What never seems to be covered in their autobiographies is how their doping affected those around them. Emma O’Reilly was a sogineur (masseuse and I suppose den-mother for the riders) for US Postal during the start of the Armstrong-era, just as doping was taking it’s hold on the team. She told riders off for leaving used hypodermic needles in hotel rooms, saw the physical and psychological effects the drugs were having on the riders and even transported drugs across international borders as a ‘favour’. She told herself she was a clean sogineur, that she wasn’t going to get involved with ‘the programme’ and didn’t want to be – like many others she chose to be silent, hiding behind the code of ‘omerta’ (silence).

Eventually though this took a toll on her professional and personal life so she made the decision to leave US Postal. Journalist David Walsh contacted her about her time with US Postal and she agreed to talk about what she saw, heard and took part in. What she didn’t know at the time was how speaking out was going to dramatically effect her life or that she would be named by Walsh as the source of his information.
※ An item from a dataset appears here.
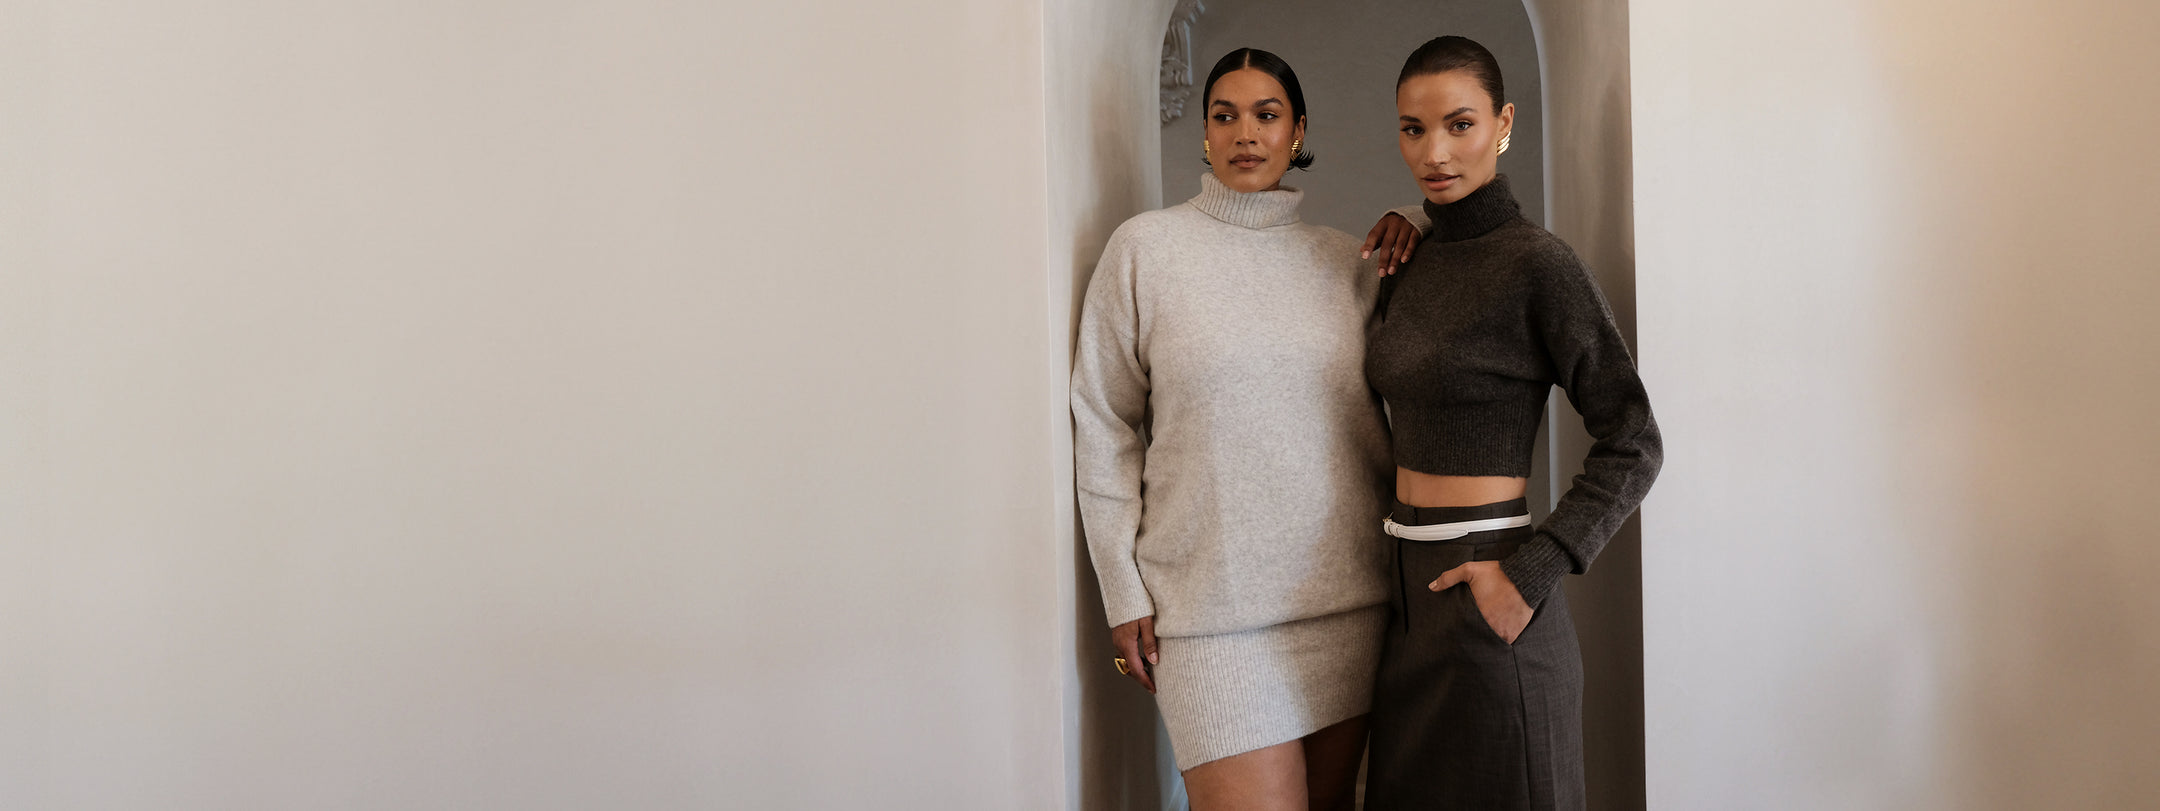 Image of women in grey knit dress and charcoal knit turtleneck.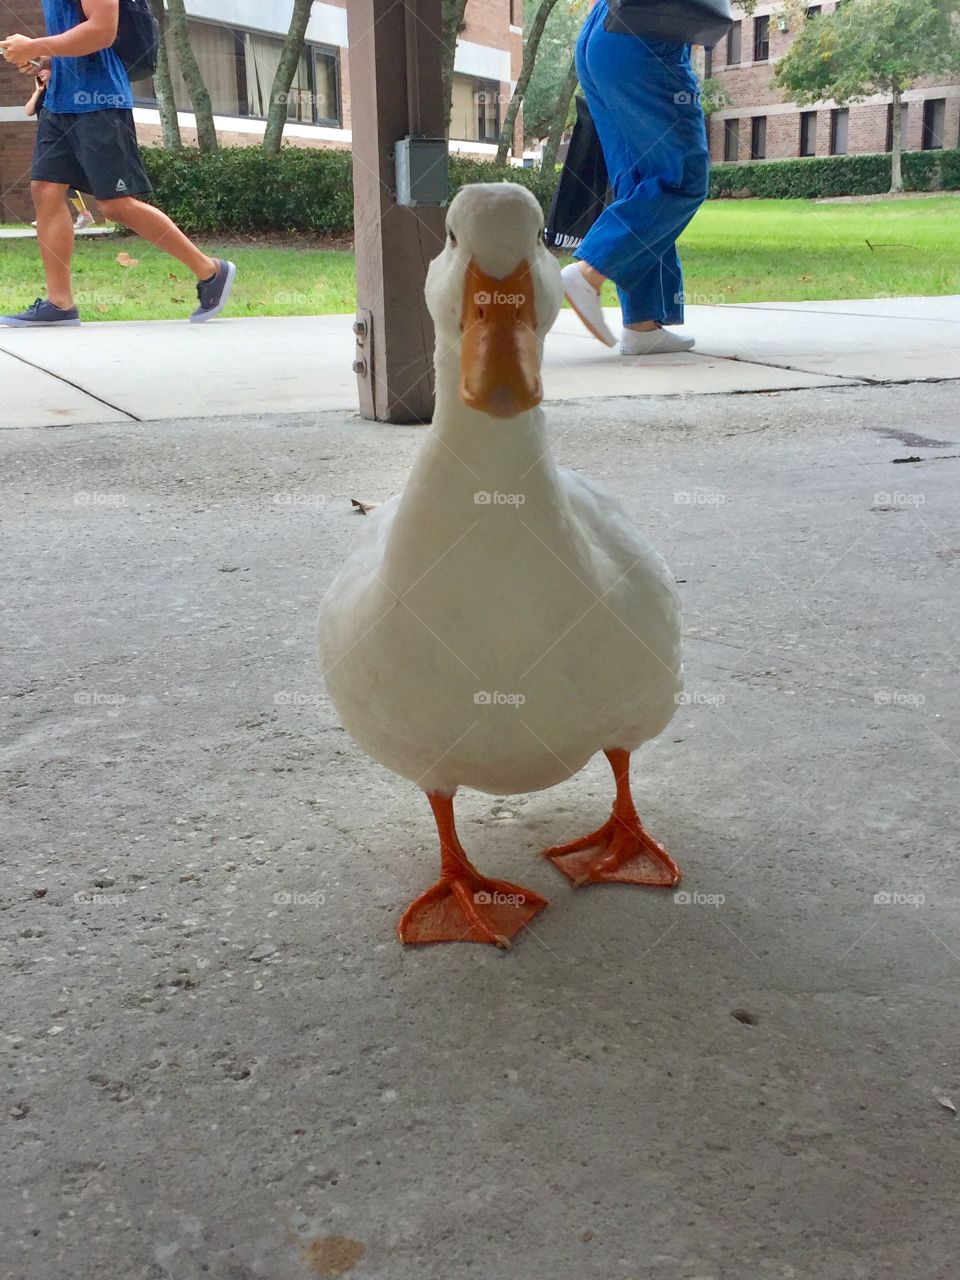 Meet Howard the duck. He’s a real ladies man! Well, he still loves everyone tho, especially if you feed him some nice vegetables!

She was bullied, belittled and threatened by Lance Armstrong through lawsuits and legal intimidation. Not only that, David Walsh, the Sunday Telegraphy and the publishers behind his book hung her out to dry as well.

I’ve always respected David Walsh for his unrelenting pursuit of the truth behind dark side of cycling but having read the other side of the story (as it were) I feel he is as dirty as everyone else. It becomes clear he knew what was going to happen to Emma, that Armstrong was going to target her and instead of helping her, Walsh just sat back and let it all happen. Probably because it made for a good story.

Reading her book, it’s hard not to like Emma. She’s very straight forward and there’s something very endearing about her referring to riders as “the lads”. It’s clear that she loved her job and had respect amongst the peleton but she became victim to petty male egos. I would highly recommend reading this in addition to all the “I doped, here’s how it ruined my professional life, I’m sorry” stories from the pro-peleton just to see how the doping culture affected not just the riders.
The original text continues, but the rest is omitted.